当前位置：网站首页>Experience summary of database storage selection

Experience summary of database storage selection

2022-07-03 20:57:00 【Amoy Technology】

We always encounter problems related to data storage in our work Bug The repair order , There will be some problems related to data model design and storage in the development and design of new requirements . After several selection and discussion of storage scheme design, it is found that a more comprehensive thinking framework is needed .

Many storage schemes commonly used in daily development are “ si ” Of , With experience 、 Habitual selection , But there is little research on their detailed characteristics or constraints .
In addition to the storage scheme you can use at hand , We should also pay attention to more appropriate storage solutions in the market .
Certain technical pre research and reserve can help better technical scheme design in the future .

So I wrote this article , Throw out my summary and thinking , I hope to make some more advanced in the future ( appropriate ) Technology is introduced into business development , Help business development .

Considerations for storage selection

The purpose of storage selection is still for our use scenarios and user services , Therefore, you need to answer some questions before model selection Business indicators & Technical indicators Problems in , So that we can know the application environment of storage selection .

User volume ： What is the estimated number of users ？ Millions or billions ？
Data volume ： How much data is estimated ？ How much can the average daily increment be ？
Reading and writing preferences ： Whether to read more data or write more data ？
Data scenarios ： Strong transactional or analytical requirements ？
Operational performance requirements ： What is the amount of concurrency ？ peak 、 Average 、 What are the respective estimates of the trough ？

Storage engine classification and characteristics

The classification methods of databases are very diverse , There are great differences due to different reference dimensions , Here are some common classifications .
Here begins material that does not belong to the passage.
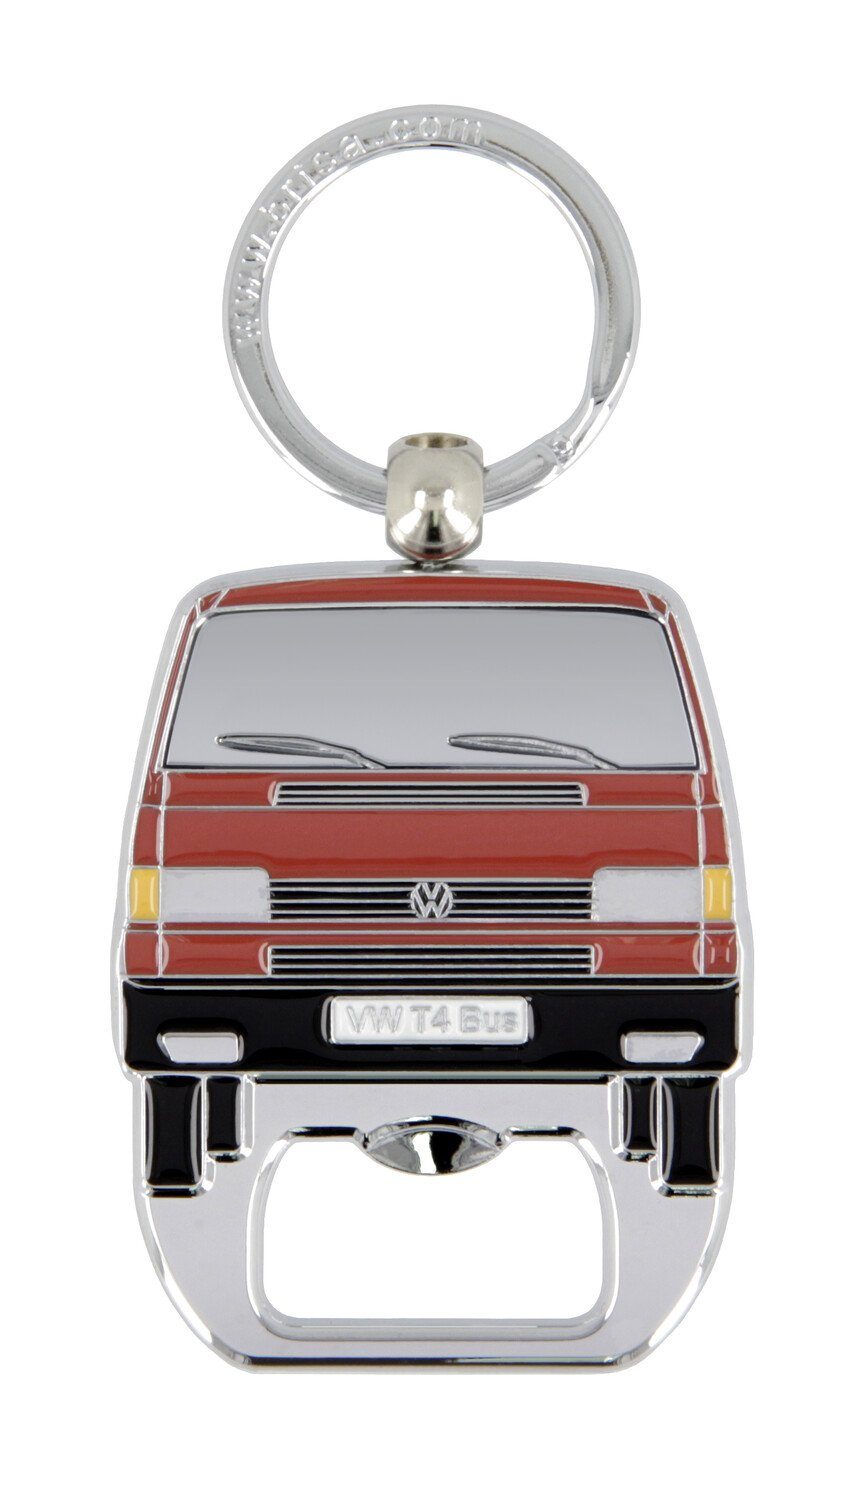 VW Collection by BRISA Schlüsselanhänger Volkswagen Schlüsselring mit Flaschenöffner im T4 Bulli Bus Design, Integrierter Flaschenöffner Rot
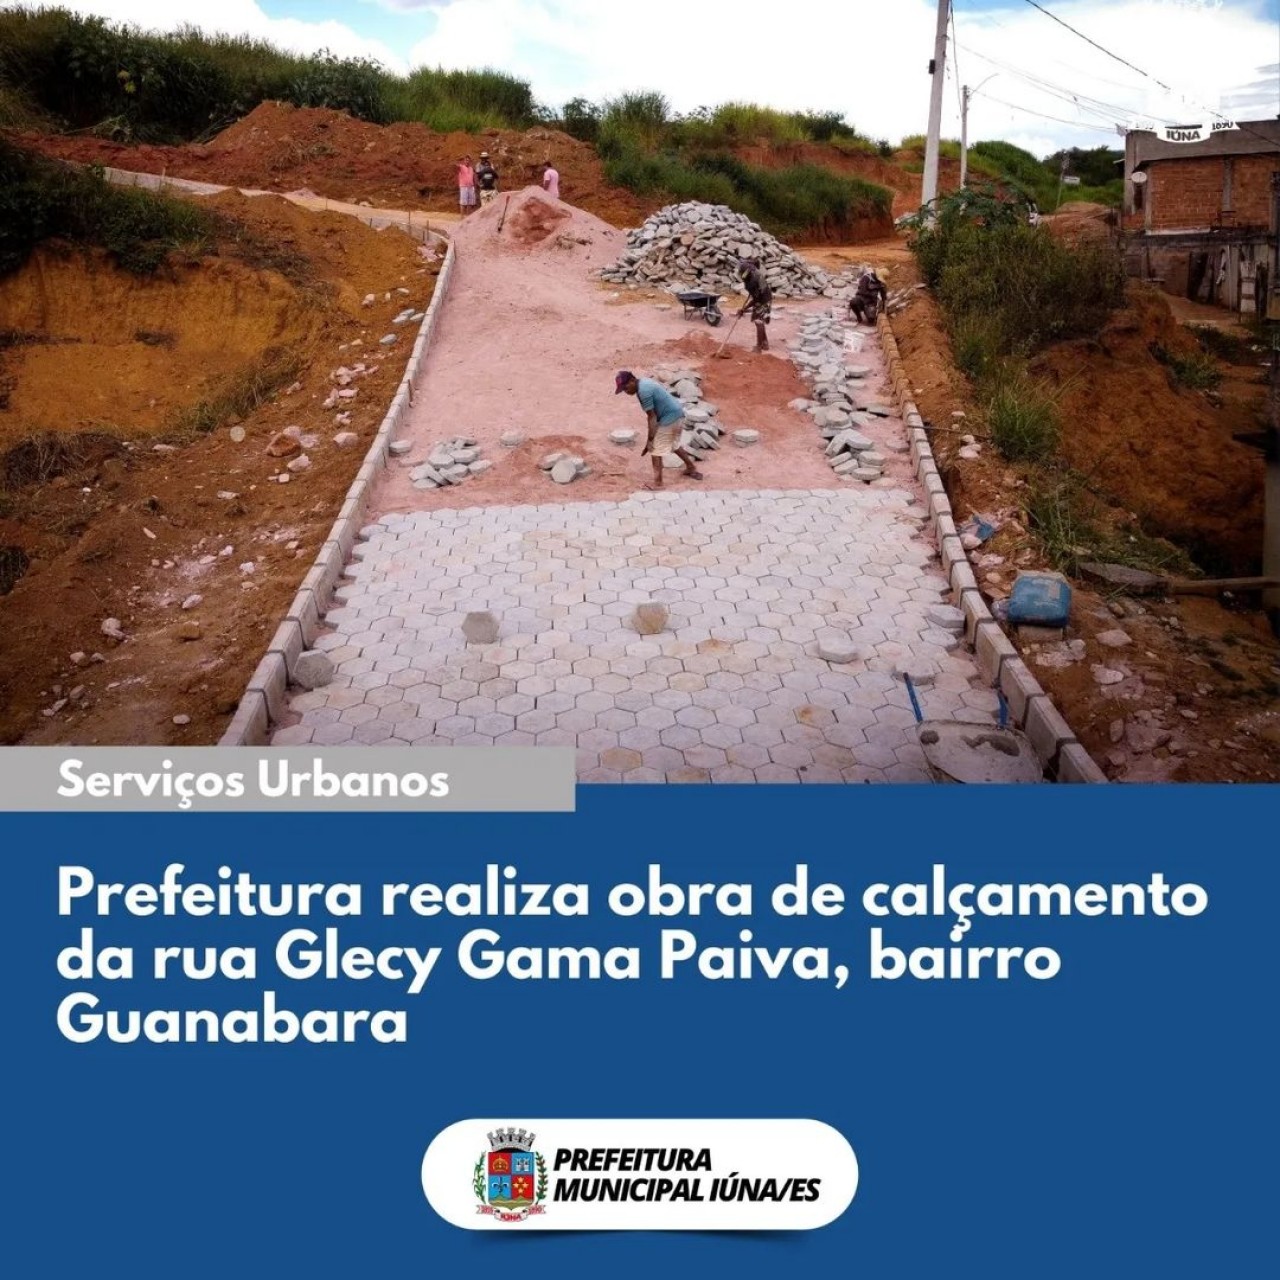 OBRAS 96 - drenagem, rede de esgoto e revitalização da rua Glecy Gama Paiva, no bairro Guanabara.

Database type	Common databases
Relational type	MySQL、Oracle、DB2、SQLServer etc. .
Non relational	Hbase、Redis、MongodDB etc. .
Line storage	MySQL、Oracle、DB2、SQLServer etc. .
The column type storage	Hbase、ClickHouse etc. .
Distributed storage	Cassandra、Hbase、MongodDB etc. .
Key value storage	Memcached、Redis、MemcacheDB etc. .
Graphic storage	Neo4J、TigerGraph etc. .
Document storage	MongoDB、CouchDB etc. .

Take our most familiar relational database for example , It has many advantages , The reasons why we choose relational database can be summarized as follows ：

Easy to understand
It can be logically expressed by two-dimensional table structure , Relatively reticular 、 Layers and other models are easier to understand . Strictly follow the data format and length specifications , Data in behavioral units , A row of data represents an entity information , The attributes of each row of data are the same .
It is easy to operate
General purpose SQL Language makes it very convenient to operate relational database , Support join And so on ,Sql + Two dimensional relation is the most incomparable advantage of relational database , This ease of use is very close to developers .
Transaction features
Support ACID characteristic , Consistency between data can be maintained , This is a very important reason to use relational databases , Like bank transfer , Zhang San to Li Si 100 Yuan , Three buckles 100 element , Li SIgA 100 element , And must succeed or fail at the same time , Otherwise, the user's capital will be damaged .
The data is stable
Data persistence to disk , No risk of data loss .
Stable service
The most commonly used relational database products MySql、Oracle Excellent server performance , Stable service , Usually there are few downtime exceptions .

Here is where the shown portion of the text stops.